Интересующие нас персонажи этой эпохи практически являются нашими современниками. Иначе и не скажешь. Если вдова Моцарта пережила Пушкина и оказалась запечатлена на фотографии (в отличие от Пушкина), а сам Моцарт всего на шесть лет разминулся с Бахом, а Бах жил «в двух шагах» от Монтеверди – четыре десятка лет, о чем тут говорить, если были живы еще старики, которые играли с великим маэстро «Коронацию Поппеи». Хорошо-хорошо, живы в другой стране, пусть они будут здоровы, но тем не менее…
И вот, барочный оркестр исполняет уже знакомые нам оперы Монтеверди – звучат разнокалиберные виолы, теорбы, сакбуты, гитара, литавры. А в это время в восьмидесяти километрах от Мантуи, в Кремоне, скрипичный мастер Николо Амати доводит скрипку до ее канонического состояния. Говоря иначе, в то время, как продолжает своим естественным путем развиваться эпоха барокко в музыке, появляется инструмент, в котором заложены технические и акустические возможности для исполнения произведений эпохи классицизма, романтизма и даже (благоговейным шепотом) экспрессионизма, если мы говорим, к примеру, о скрипичном концерте А. Берга.
При этом ни в Мантуе, ни даже в Кремоне никто об этом, что называется, ни сном, ни духом.
Пока время не пришло, разумеется.
Другой, вполне канонический пример – это саксофон.
То, что он не разделил участь множества музыкальных Франкенштейнов, – историческая случайность. Такой инструмент, как арпеджионе, от забвения спасла только дань уважения музыкантов XX века к великому Францу Шуберту. Популярность саксофона – столь же неожиданный результат, побочный эффект, если можно так сказать, такого достаточно несимпатичного явления, как рабство в США.

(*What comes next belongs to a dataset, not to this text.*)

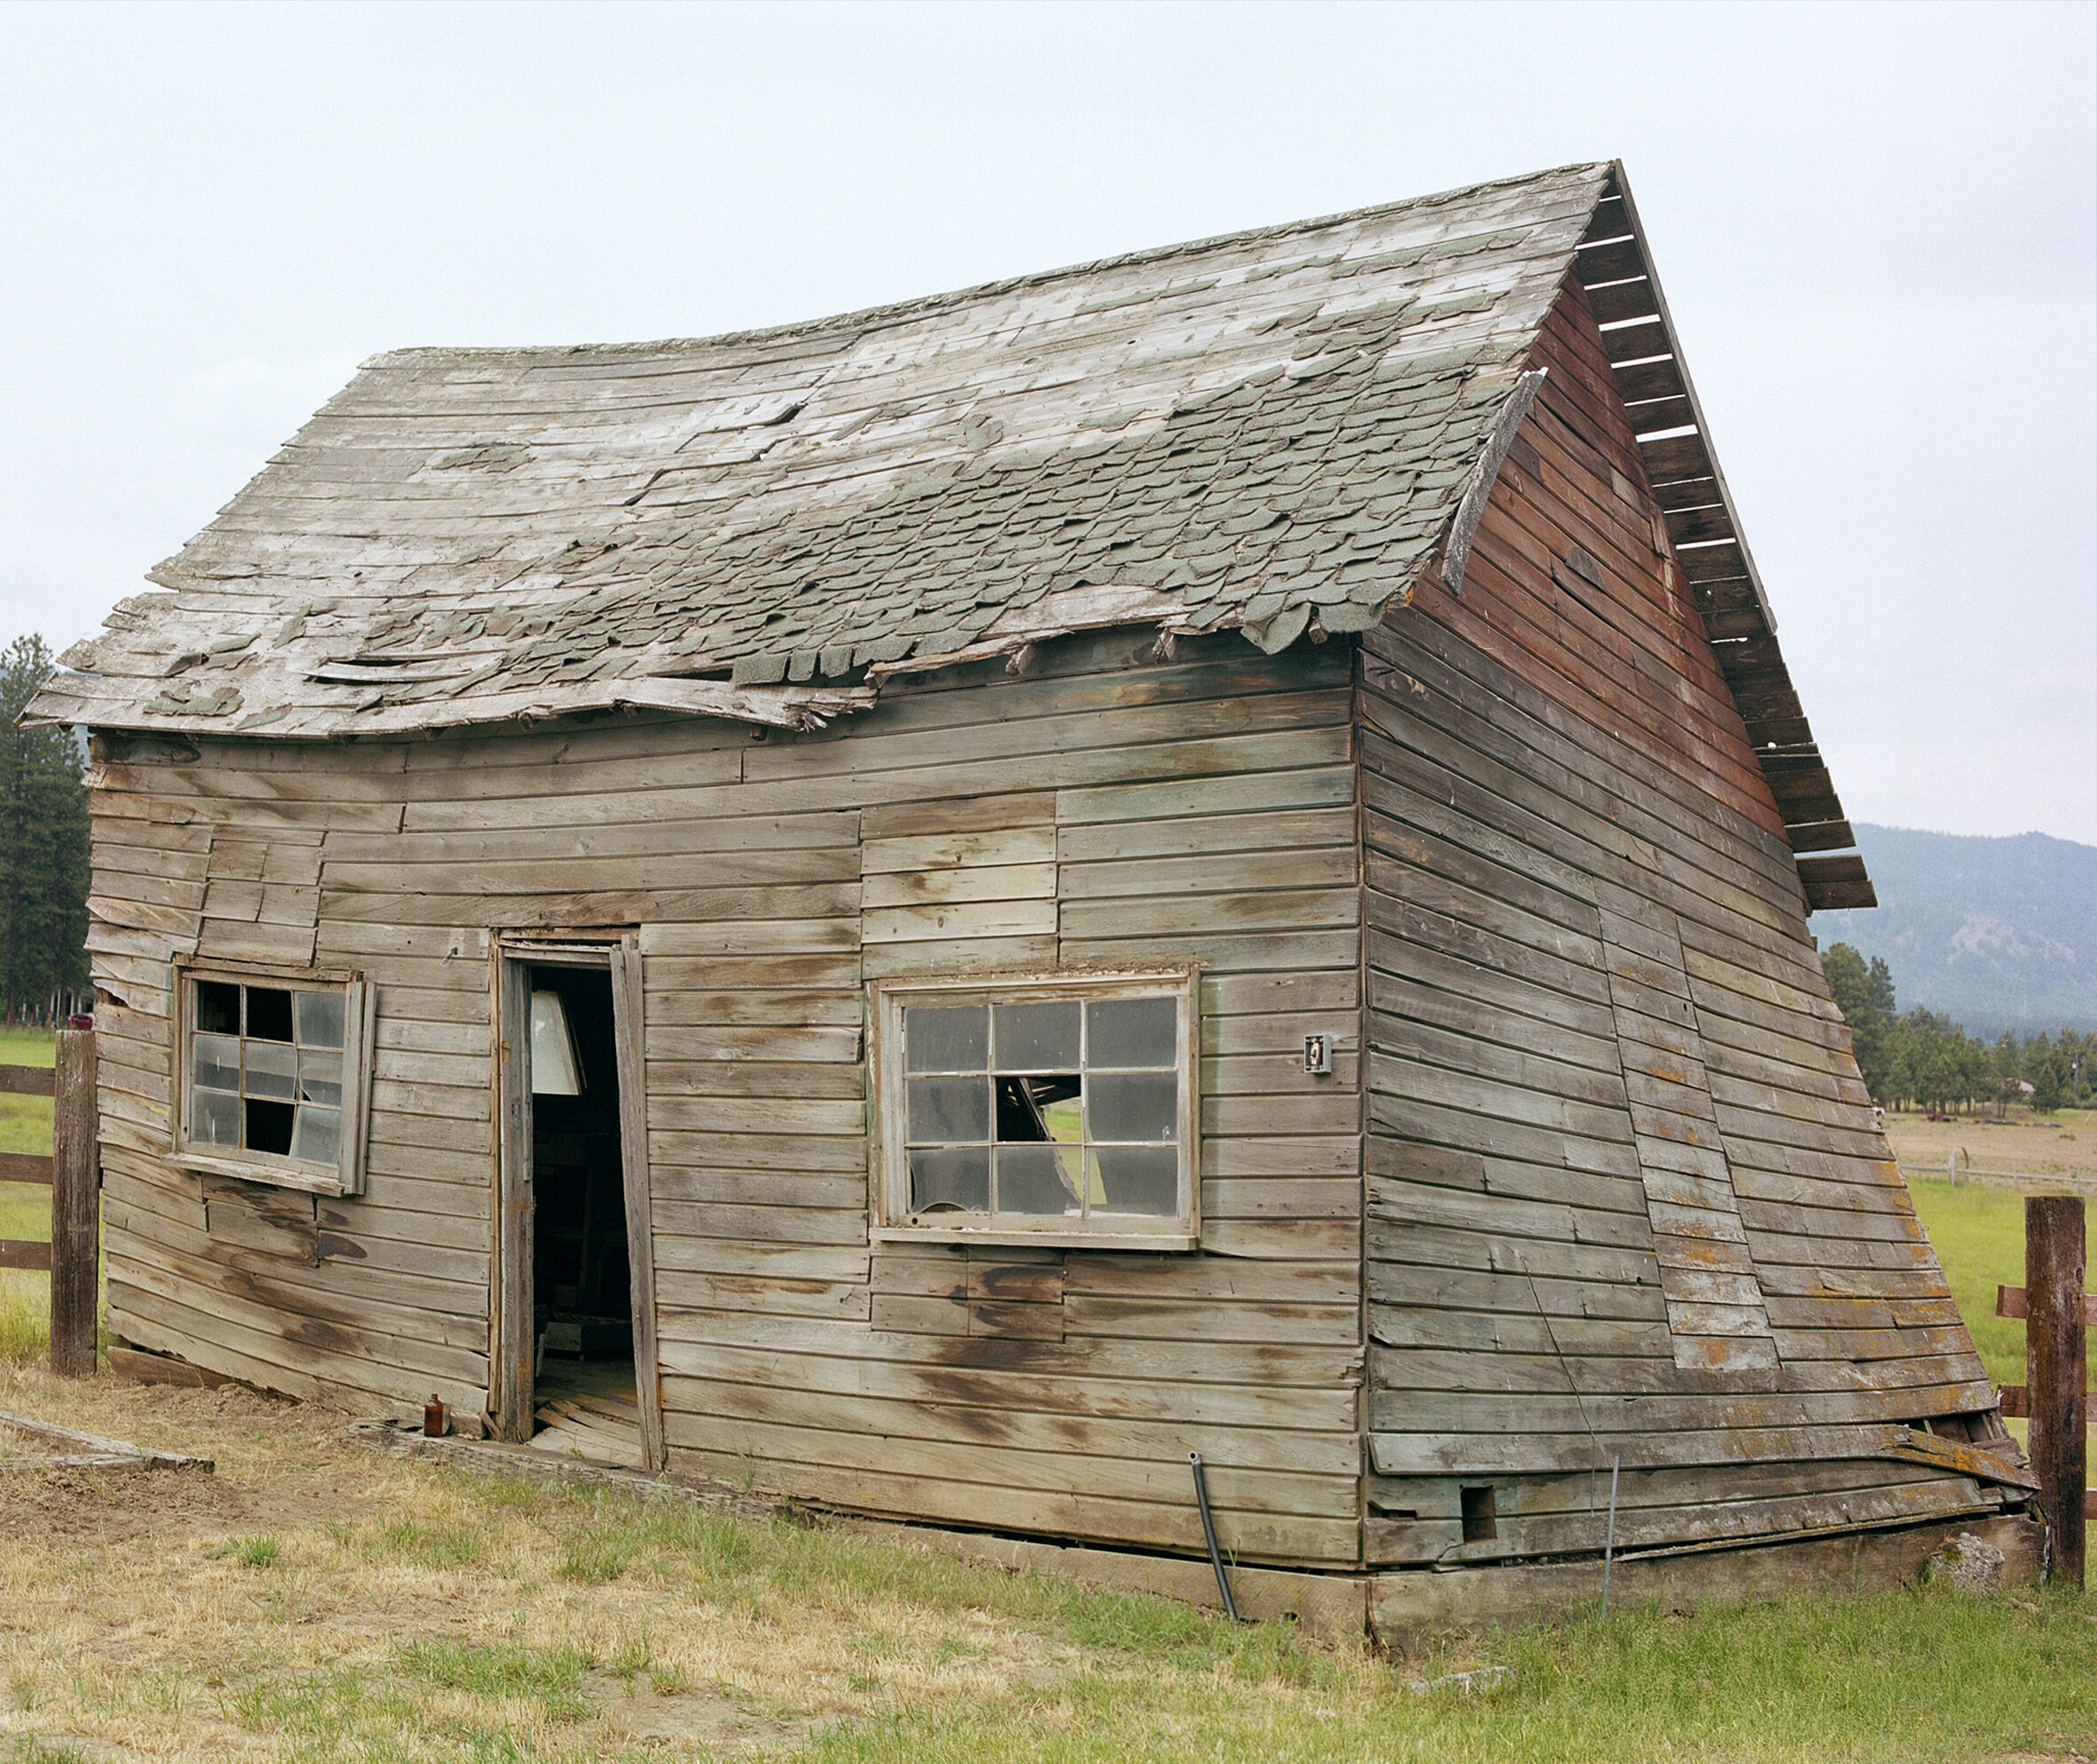  Leaning House, Washington State 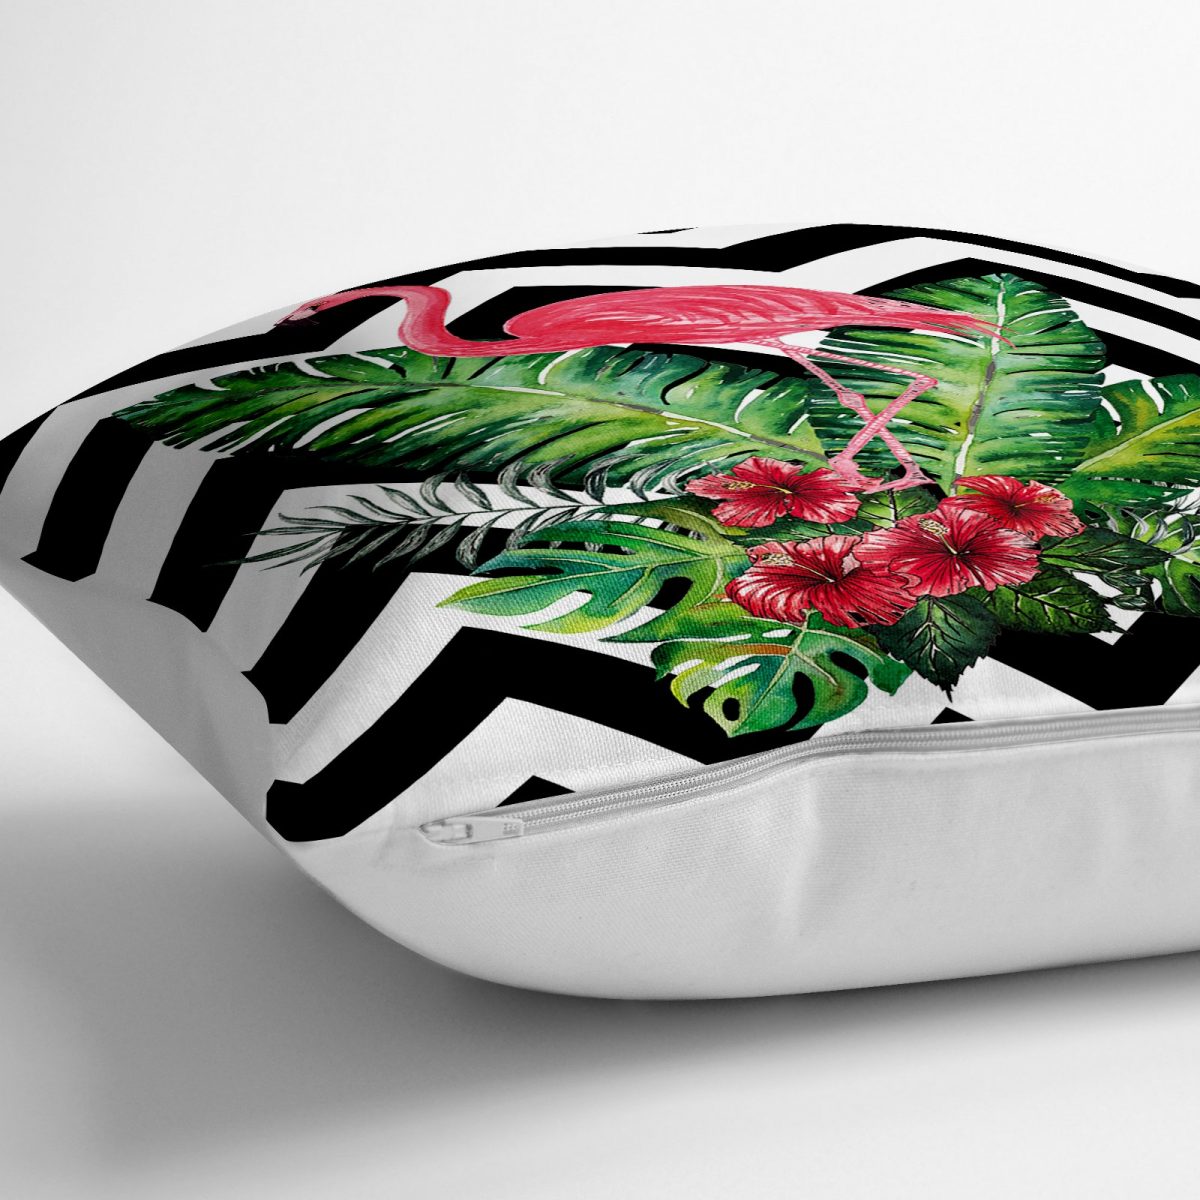 Siyah Beyaz Zigzag ve Flamingo Tasarımlı 3D Dekoratif Yer Minderi - 70 x 70 cm Realhomes

Он был сконструирован Адольфом Саксом как своего рода мостик между деревянными духовыми и медными в военных оркестрах, с восторгом принят Берлиозом, пару раз блистательно, надо сказать, был использован в симфоническом оркестре А. Тома и Ж. Бизе. На этом дело и кончилось, потому что саксофон в симфонических произведениях XX века – это либо непонятно о чем, как у Хачатуряна, либо все же некоторый идейно-музыкально-контекстный рикошет, как у Рахманинова.
И никто – ни сам Сакс, ни Тома, ни Бизе, ни даже сам Берлиоз – представить себе не могли, для чего на самом деле предназначен саксофон.
Мысль моя достаточно прозрачна? Физический носитель музыкального языка есть, а самого языка нет. И культуры этой тоже.
Более того, это мы знаем об этом, а они-то…
Нет, вы просто представьте себе, что держите в руках музыкальный инструмент, адекватная музыка для которого будет написана через семьдесят лет.
И вот теперь мы подошли к тому, с чего начались все эти мои размышления.
Просто однажды я сидел, почти ничего не делал, а только думал, и мне пришло в голову, что ведь электрогитара появилась как-то вдруг, как взрыв, заняв сразу гигантскую музыкально-экологическую нишу. И произошло это после войны. Если точнее, по ощущению это начало–середина пятидесятых. Американские звезды рок-н-ролла Билл Хейли, Чак Берри, Джерри Ли Льюис…
Так оно и было, конечно.
Но первый звукосниматель был создан в 1924 году, в массовой продаже электрогитары появились в 1931 году, а вот адекватная социально-музыкальная среда для этого инструмента появилась лишь через двадцать лет.
Я бы огляделся – нет ли чего-то необычного среди музыкальных инструментов?
Хотя история подсказывает, что это бесполезно.